The grass is not greener on the Greenland side on this issue. The only thing any of these groups can learn over there is that we can and should operate just as clean as any one else, without our Kalaallit cousins wondering how we manage to be so hypocritical. That lesson is very easy to learn right here in Nunavut with much less embarrassment.
I know people like to get on the keyboards and complain about everything that is reported on here but this truly is a waste. First CGS looks after the design construction of the landfills; the department of Health looks after the oversight, yet neither of them are going on this adventure. Second this is a different country. different rules. Canada will not allow any municipality to build a waste facility within 8km of an airport; but there are some exceptions for Nunavut. At that distance any heat recovery/power generation opportunities will vanish. Nuuk relies on waste to be imported from other communities to be economical, because we do not have deep water ports in the communities the waste from communities will have to be collected sorted and stored in order to bring it to what I can only assume would be Iqaluit, and how do you think that will go, and who will pay for it?

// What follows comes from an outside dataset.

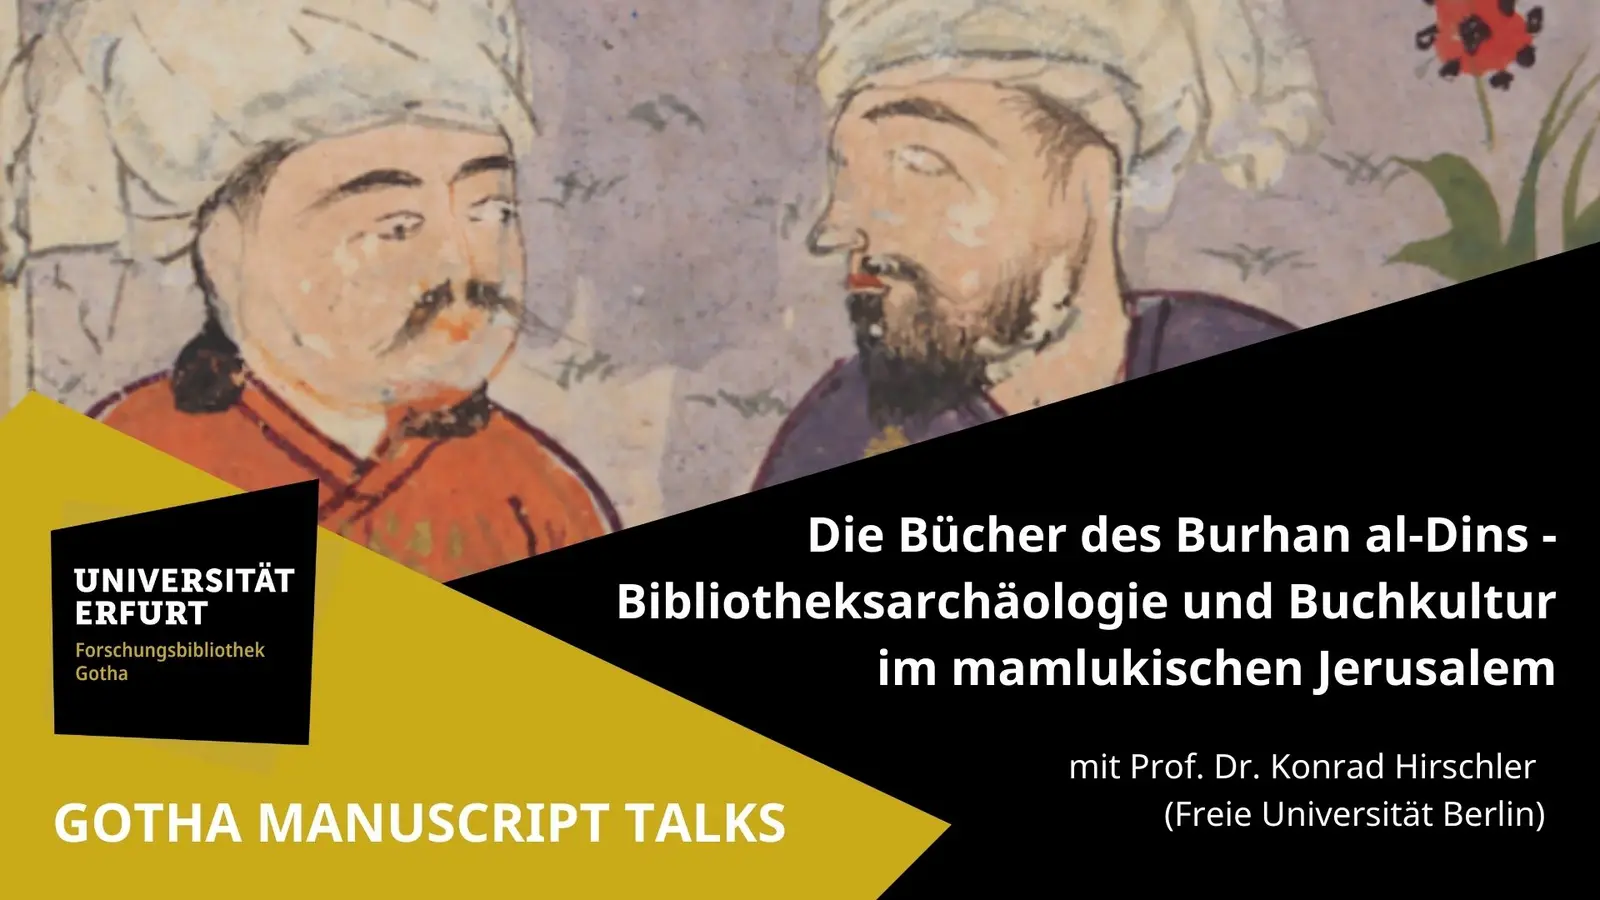 Vorschaubild zu Gotha Manuscript Talks 01: Bücher des Burhan Al Dins mit Prof. Dr. Konrad Hirschler

Nice idea, thinking outside the status quo, but I feel this would be a nonstarter.
You’d also think that Iqaluit City Council would vote to send ohhhh, I don’t know… maybe their Director of Public Works? Director of Engineering? Superintendent of Sanitation? Nahhhh, they’re gonna send their Deputy Mayor and another Councillor, freshly returned from their trip to Calgary last month.
I see a consulting contract in the future! Find something that works, consult about it, have study groups, meetings with giveaways and then dont do it.. seems about right.
Marla can teach those Greenlanders how to weld metal waste into crudely made muskox and birds as part of a perpetually public funded project with a vague emphasis on wellness and self reliance.
The city has a new landfill and waste handling facility under construction – it’s a little late to be rethinking alternatives (even if the current plan is poor). As noted by other pundits… there is little or no technical representation on the trip from Nunavut that is actually responsible for waste management. Climate change, NTI, NAM – the quest for relevance continues.
Enjoy the food and wine.
“If we can’t find anyone to go, it doesn’t matter”
… then why send two?
Government of Nunavut is so embarrassing.
Just when one thinks, “WTF? What other nonsense can Nunavut do?!”
Then…this. 🤣😱
Perhaps you can consider our Member of Parliament when she returns from her Asian junket to meet other Indigenous groups to benefit the Indigenous peoples of Canada.
The hamlet council in our little sik-sik hole done heard about the global warming thing affecting the Arctic.
It’s coming.😱
The council &I have to go to Cuba to study how to handle heat.
We need GN and NTI to fund this from the tax payers.
Don’t depend on it, no waste no heat.
Anyone else see the irony “Waste” , “Management”
This is a great opportunity for the GN and the city of Iqaluit to see how it’s done, waste management, incinerator, recycling facilities and programs, road maintenance, side walks, land development that works to utilize the limited land space, land development with views.
All done with a fraction of the cost in Greenland, how do they get it to all work?
Local capacity, take for example the paving that happening right now in Iqaluit, how much does that little stretch of road cost to be paved and who is doing the work, in Nuuk it’s the municipality who does the paving, with the fraction of the cost as it’s done on the city’s time for their road crew plus materials, no expensive contracts for southern companies to do the work.
I do hope the GN and City will be open to learn and take this opportunity to work closely with our neighbours to adopt a system that clearly works very well.